Afterwards, if I’m lucky, he and Roxanna feed me supper (they give me the occasional square meal out of pity) and we set about editing our documentary Glitzkrieg, about four men frantically treading water in the chilly seas of middle age in a rock band, which we filmed over the summer.

Saturday
We’re not called for rehearsal (that will come later) so I head off to the David Lloyd gym in Kingston. I’m not mad about what being in your forties does to one’s physique, so of necessity I clamber aboard the cross-trainer from time to time but mainly I go for the pool. I’ve recently discovered swimming and I love it.

If I can’t make the gym, I usually walk along the river to that magnificently schizophrenic masterpiece, Hampton Court. Sometimes, I venture further afield, along the towpath to Richmond town or up into the park where, safely out of earshot, I bash away at my lines. One day, they’ll cart me away for stampeding the deer…

On the way home, I stop at Atari-Ya, the fantastically friendly and delicious Japanese wholesaler in Norbiton, and stock up on salmon sashimi, which is surely what the gods feast on.
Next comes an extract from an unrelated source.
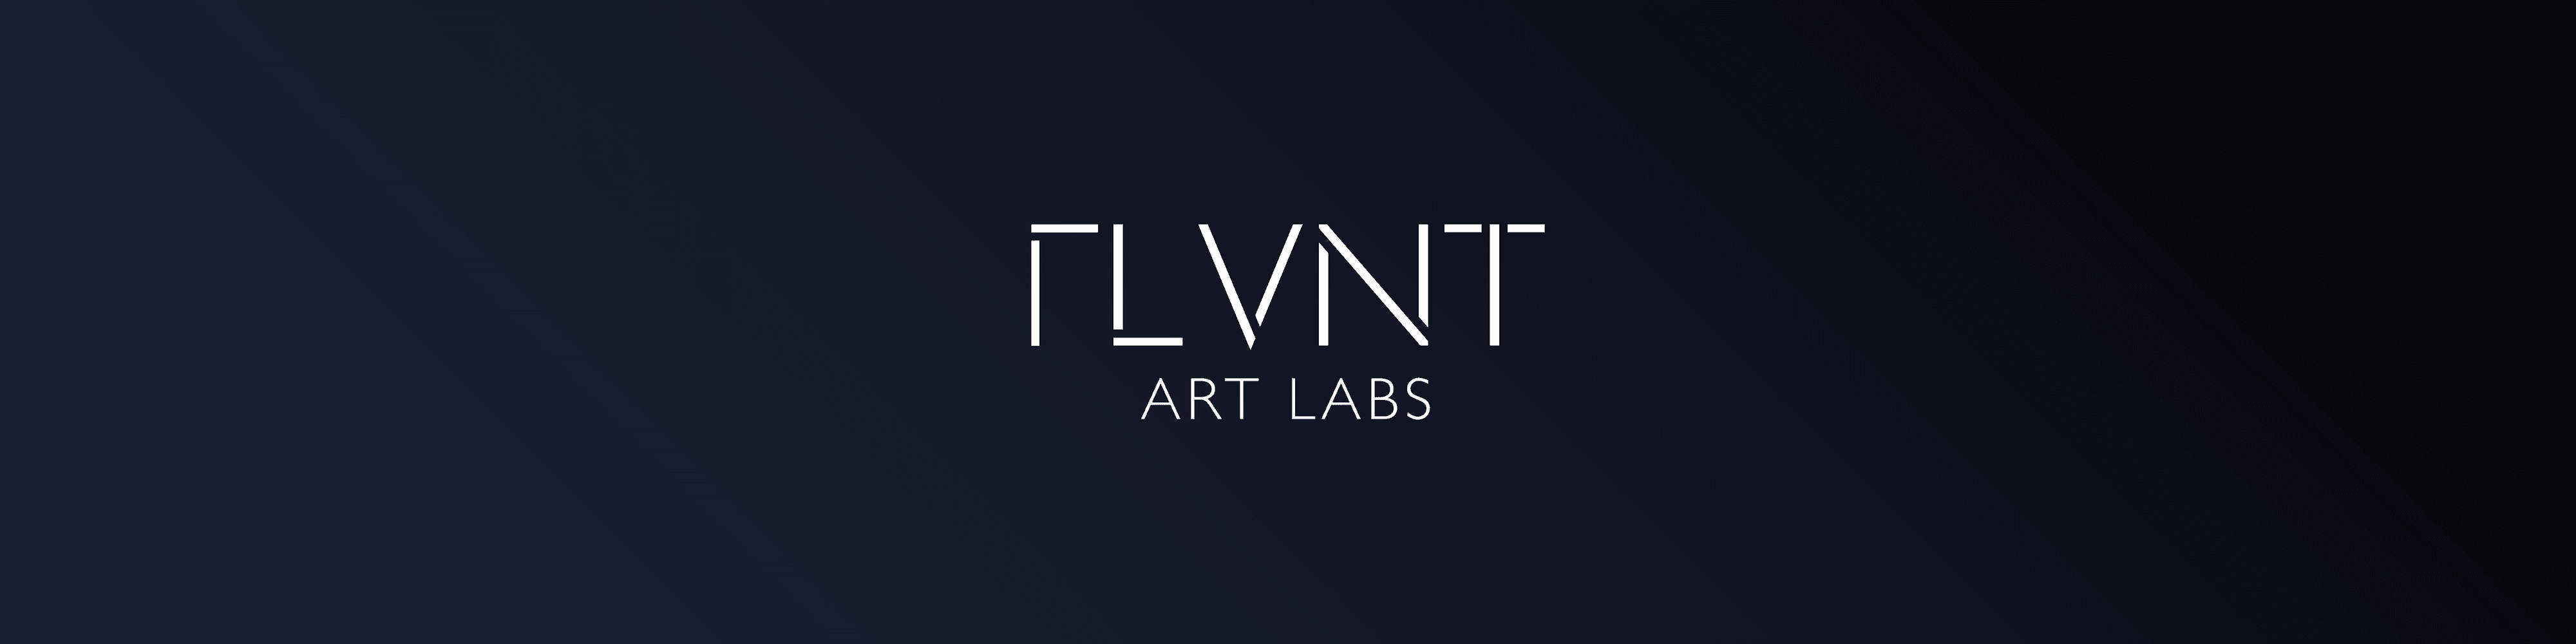 RLVNT-Labs banner

Norbiton may sound like the spotty, friendless boy at the back of the class, but in terms of its shops and delicatessens, it’s the six-packed captain of the football team, with its wonderful fish and cheeses.

In the afternoon, if England are playing any rugby I cheer them on at my local, The Antelope, where there’s always an enthusiastic and knowledgeable local crowd. Many hours have been spent in this friendliest of watering holes, once I confess in costume (The Winslow Boy, 2009). I am in so much trouble!

Sunday
Sunday involves the usual list of suspects – The Archers, Desert Island Discs and usually a good roast, especially if my daughter Anna is visiting from drama school. Very occasionally, I might be able to persuade her to take a walk afterwards. I show her Surbiton station, a superb deco affair that I love. But then, Surbiton is anything but the bland uniform place that its name might suggest. Take a look around and you’ll see a mad potpourri of architectural styles and eccentricity from the twenties and thirties to the grand villas of prosperous Victoriana.

I genuinely love this area. The sheer variety and choice; the lack of urban threat; above all, the river which on Monday morning I shall be walking along to rehearsal breathing in the good fresh air and counting my blessings. It really is a good life.